5. Fostering Global Digital Citizenship: Diaspora Youth in a Connected World (2019-2021)

Chief Investigators: Dr Amelia Johns (University of Technology, Sydney), Dr Jessica Walton (Deakin University), Dr Gilbert Caluya (University of Melbourne) and Prof. Anita Heiss (Deakin University)

Brief Description: This project will identify the global digital citizenship dimensions of diaspora youth’s everyday digital media use. It will investigate how these practices can be fostered through digital citizenship policy and programs to improve the inclusion and participation of culturally diverse youth and maximise their effectiveness. Rather than the more common focus on risks and vulnerability, this new approach could advance understandings of the opportunity and capacity of diaspora youth digital experience. Findings will be used to strengthen digital citizenship initiatives in Australian secondary schools, to connect them more closely to global citizenship education programs, and to enhance the engagement of a diverse student body.

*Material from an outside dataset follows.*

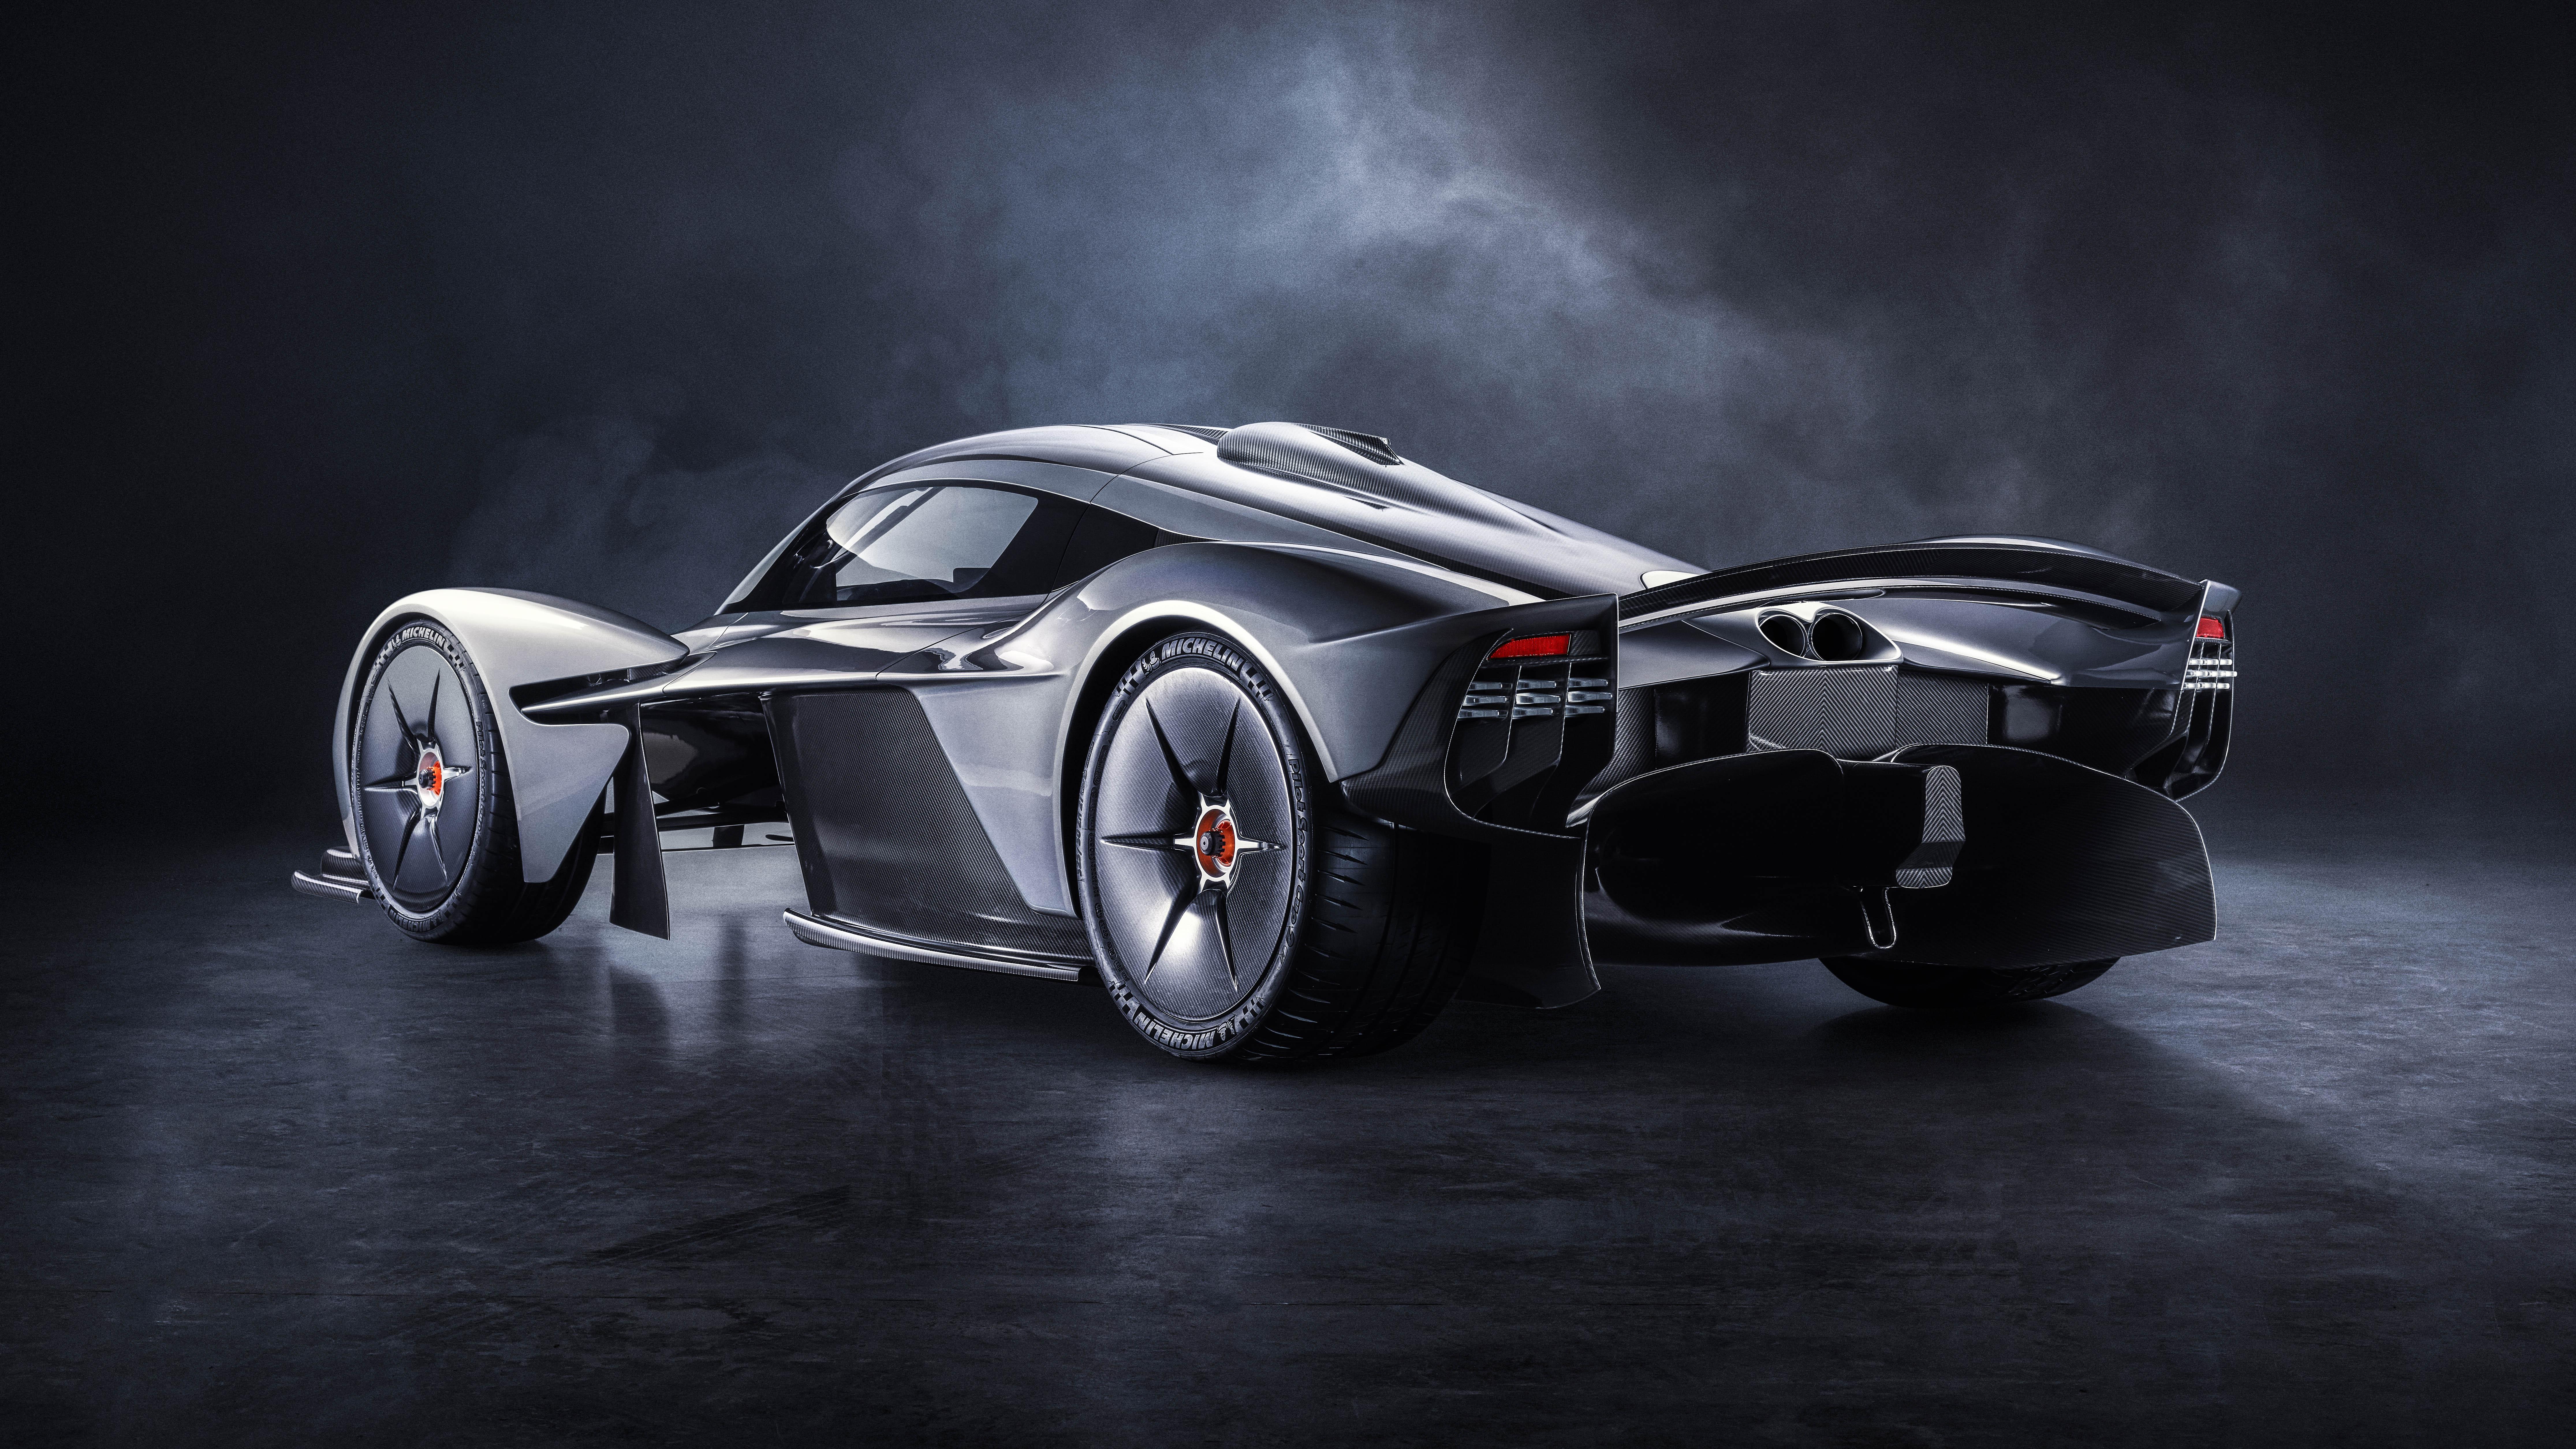 Aston Martin Valkyrie rear quarter

6. Everyday Racism in a Digital Era (2018-2020)

Researchers: Dr Gilbert Caluya, Dr Lachlan MacDowall, and Dr Yassir Morsi (Research Assistant)

This project explores what happens to everyday racism in the digital era. Most research on online racism has tended to focus on following white nationalist/far-right groups online and tracing racist speech (which continue fruitful lines of inquiry from offline research into racism based on social movements theory and verbal discrimination). This project explores how the digital technologies and imaginaries shape and influence the form of everyday racism in digital cultures.